The housing minister on Wednesday defended a decision to publish an anonymous list of flat winners as a corruption probe continued into the social housing scheme and despite thousands of people complaining about its lack of transparency.
The 661 winners of the flats built in Hulhumalé, a reclaimed island under development near Malé, are the first chosen by the current administration.
According to its homeownership or ‘Gedhoruverikan’ programme unveiled in February 2014, applications would be evaluated based on the period of residence in Malé and other measures of their living situation, including income and the number of children.
The government had pledged to build 1,100 flats in Hulhumalé but the number was later reduced to 661 without explanation. More than 15,000 people applied for the flats.
The list of winners was published Tuesday and contained phone numbers only, no names.
At a heated press briefing, Housing Minister Dr Mohamed Muiz repeatedly refused to respond to questions when asked about the reasons for an anonymous list.
“We created this list with careful observation and time-consuming efforts,” he said. “The government does not wish to disclose details to protect the rights of the flat-winners.”
The housing project is the subject of an Anti-Corruption Commission investigation into how the flats were awarded, while a parliamentary committee has been tasked with scrutinising the list.
The minister said the government welcomed the ACC’s decision to launch a probe and that it had “fully responded in detail” to a letter from the parliamentary committee.
Hassan Manik, the ACC’s information officer, told the Maldives Independent that the “final list of flat winners was made public while the investigation was still underway.”
He declined to comment further citing the ongoing investigation.
Muiz told reporters that the final list was made public with 36 changes. Nineteen married couples were replaced with new applicants after both spouses were found to have won flats.
Another 16 new applicants were selected based on the points scored and one family with a disabled individual was also included in the final list, Muiz said.

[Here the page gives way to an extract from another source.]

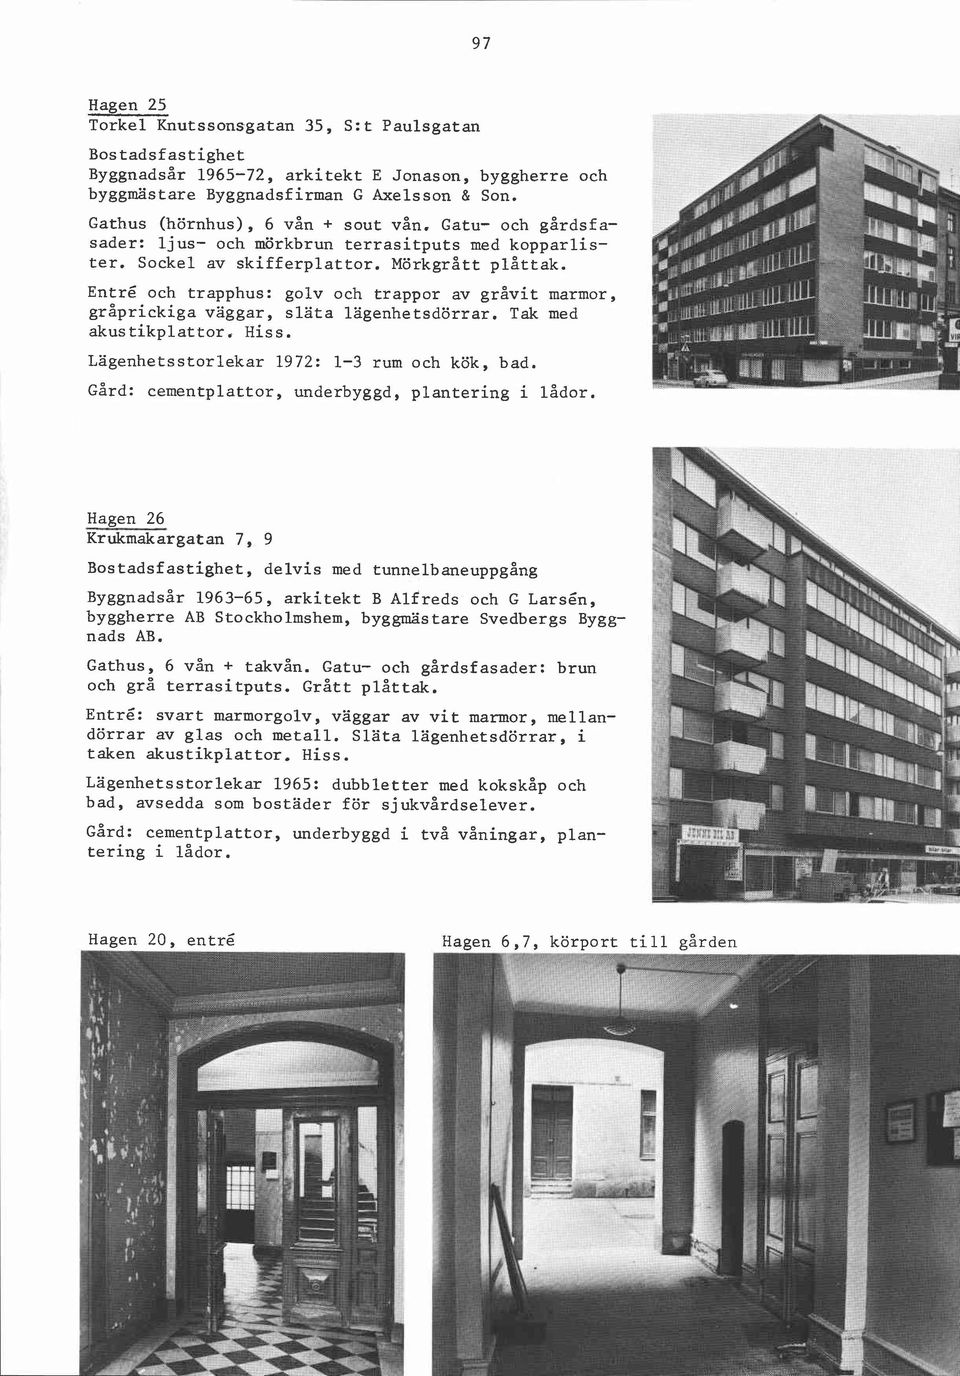 Entré och trapphus: golv och trappor av gråvit marmor, gråprickiga vaggar, släta lagenhetsdörrar. Tak med akustikplattor, Hiss. Lägenhetsstorlekar 1972: 1-3 rum och kök, bad.

“This government is doing a lot to provide adequate housing for a sector largely neglected in our society. Some 167 flats alone are allocated for families with disabled individuals,” he said.
He addressed criticism that Hulhumalé flat applicants were phoned by the first lady’s campaign office to check their political allegiance, accusing the former government of the main opposition Maldivian Democratic Party of “blaming their ideology on others”.
“We should not forget what the applicants went through during the [former president] Nasheed administration. They always favoured supporters and now they think we work in the same manner,” he said.
Earlier this month, winners of flats under the previous government’s Veshi Fahi Malé social housing programme were told by the state-owned Housing Development Corporation to secure loans before a deadline of October 15, prompting some to express discontent with what they called “a forced entry into a ruinous loan scheme”.
According to the 2014 census, 39 percent of the Maldives’ 341,256 population resides in the 2.2 square mile island of Male.
In the past few decades, thousands of people from the atolls have migrated to the capital in search of jobs, better education and healthcare, making Malé one of the world’s most densely populated cities with thousands of people crammed into small apartments for exorbitant rents.
Muiz announced a monthly rent of MVR6,000 ($389) and MVR 25,000 ($1624) downpayment for the three-room apartments built under the Gedhoruverikan social housing scheme.